Monday, March 8, 2010

William Faulkner

William Faulkner
I had a harder time understanding the purpose behind this story then the others. I really didn’t get it. The only “lesson” I could pick out of everything was that the white person was also more important then the African American. Even though Nancy was having some sort of mental breakdown and supposedly going to be murdered very soon, the mother was worried about herself begin left alone in the house, then Nancy walking home by herself. It shows how selfish the white race was and how things have changed since then.
Nancy was a very unique character. She obviously has a whole lot of problems to deal with. It was hard for me to figure out exactly what was going on with her. Was she actually going crazy? Or was Jesus really out there to get her at a moments notice? Maybe, he was coming to get her because of the relationships she held with some of the men around town.

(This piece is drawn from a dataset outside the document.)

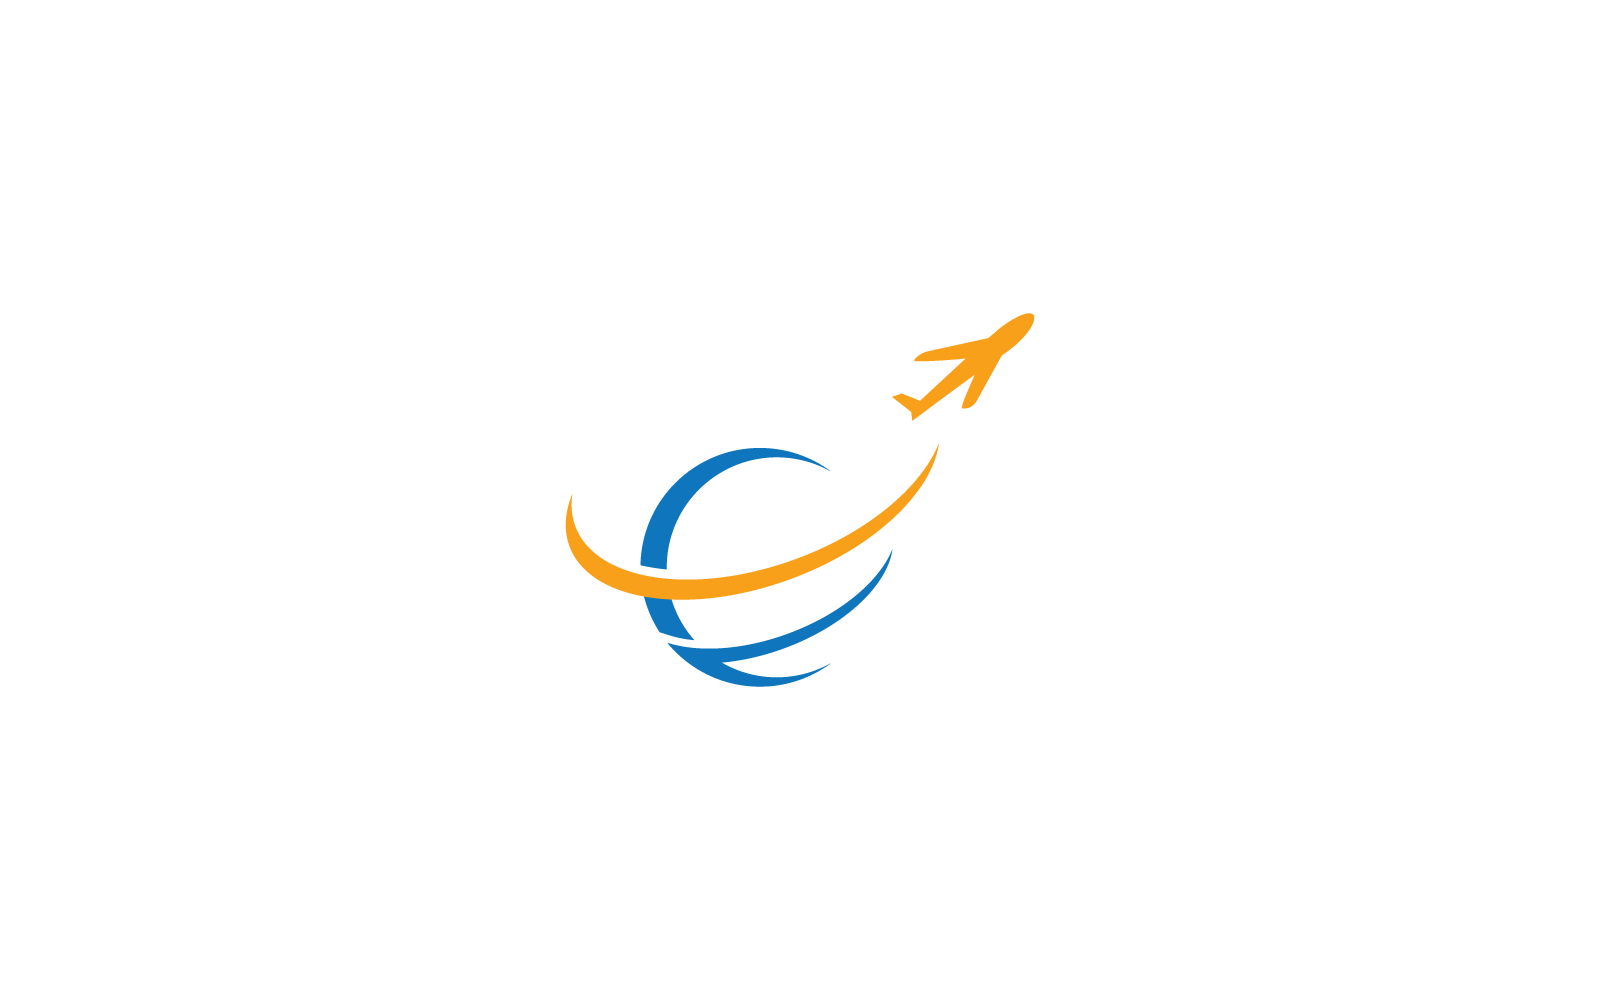 Plane Travel logo illustration flat design

She did go to jail for saying that Mr. Stovall still owed her for the last three times. Everything seemed very vague to me with the whole story.

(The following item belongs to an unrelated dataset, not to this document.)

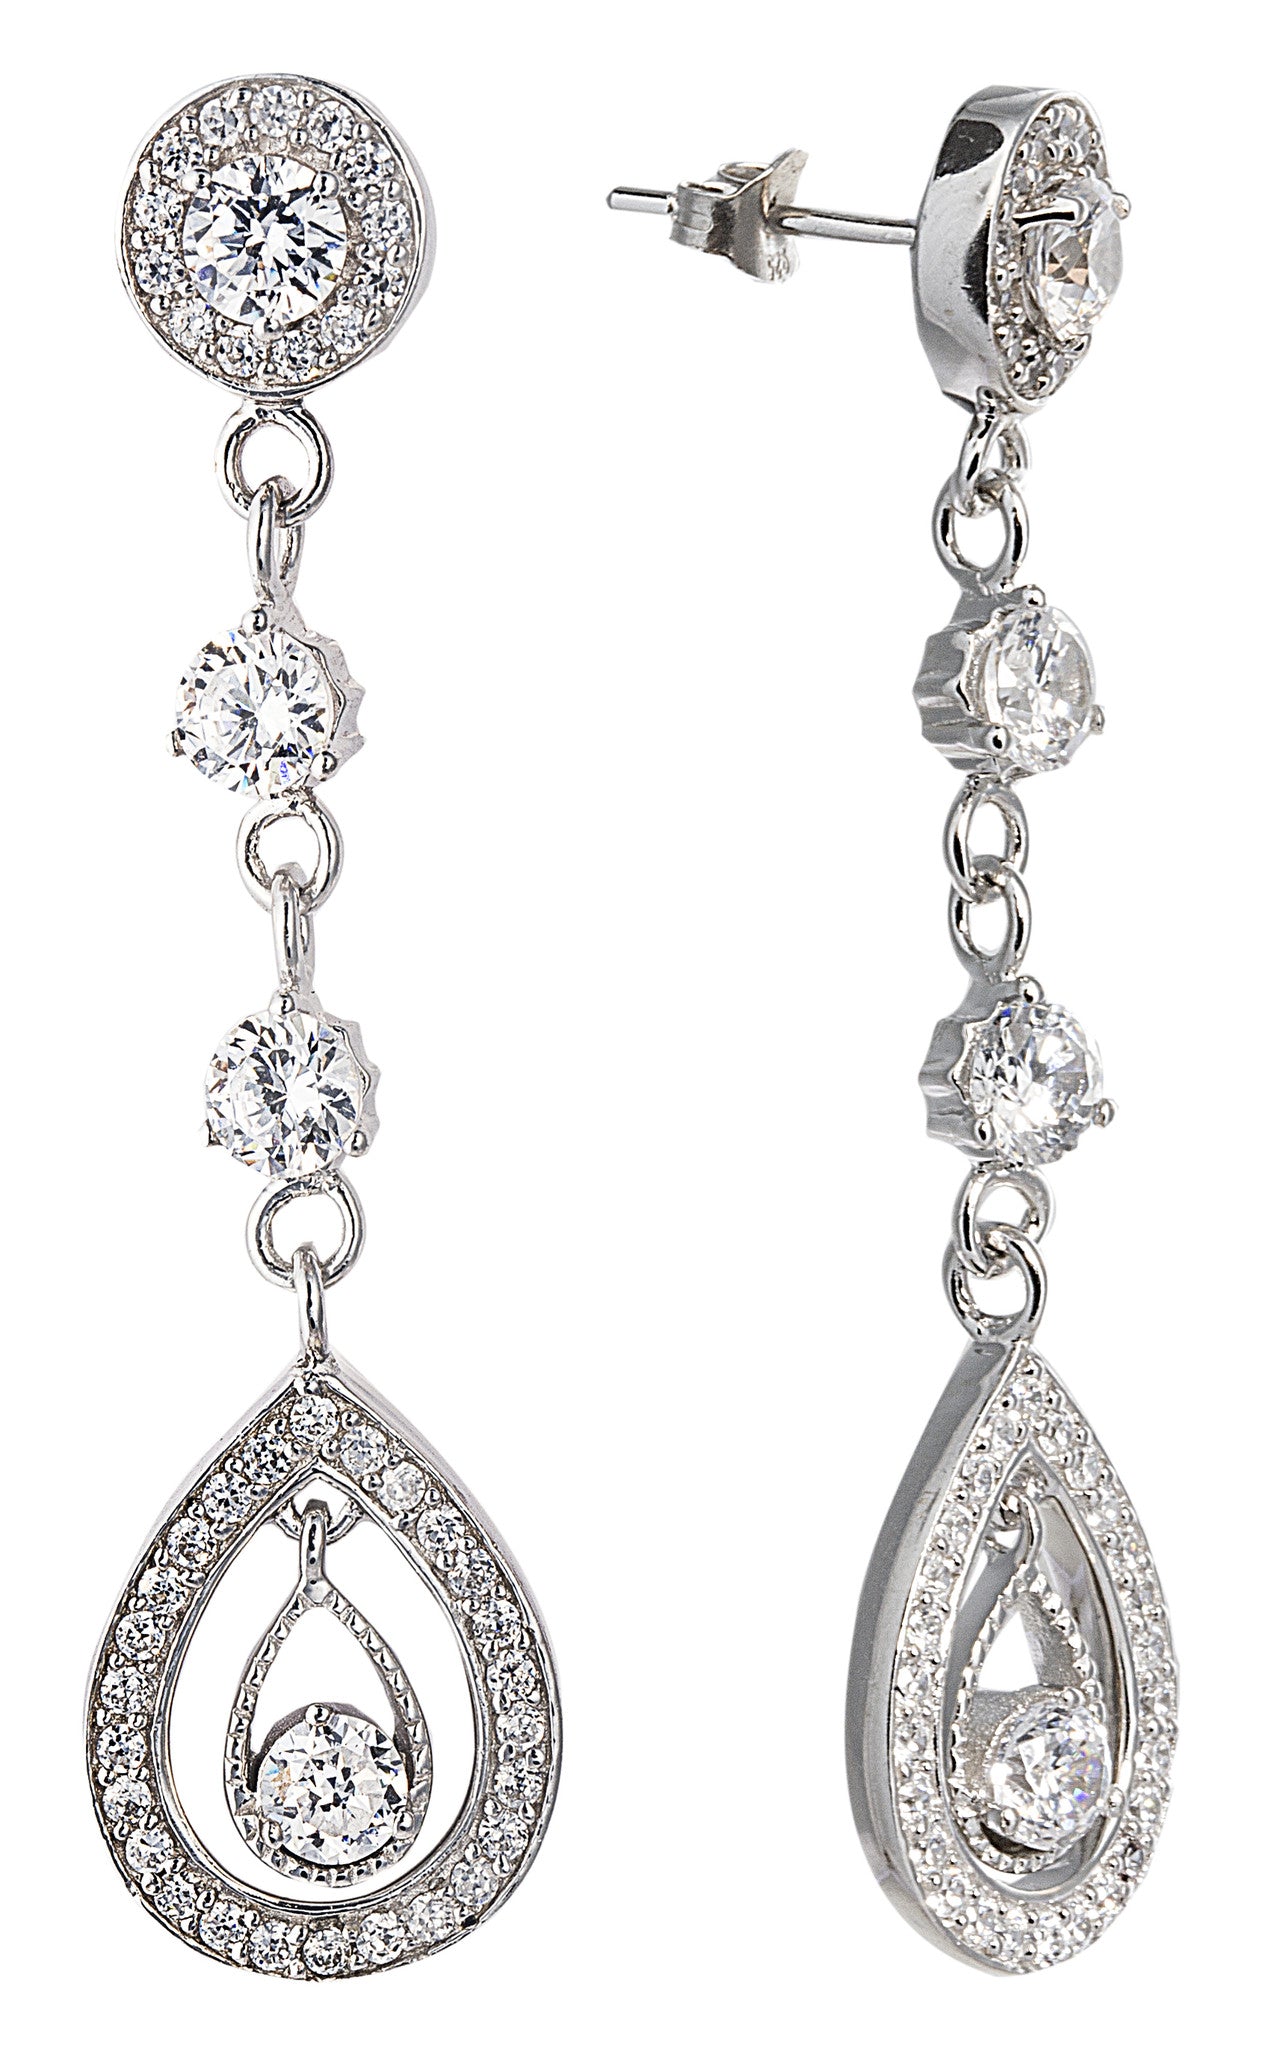 Regal Earrings Long Earrings in 925 Sterling Silver with Cubic Zirconia. Worldwide shipping. Affordable luxury jewellery by Bellagio & Co.

I did like the character of the father in the story. He seemed to genuinely concerned with Nancy, while still trying to keep up the proper relationship between a white man and an African American woman in that time. He tried to send her home but still came to check up on things when she would start to cry softly. I think his wife must have felt a sort of jealousy when he would walk her home because she was scared of the dark.
I would like to have read more about this story. It would have been nice to see if Nancy ends up dead or not and by whom. Maybe she wasn’t really scared of Jesus but just used him as an excuse for something else she was scared of. There were times that she didn’t like being a negro and felt that only God knew how she would end up.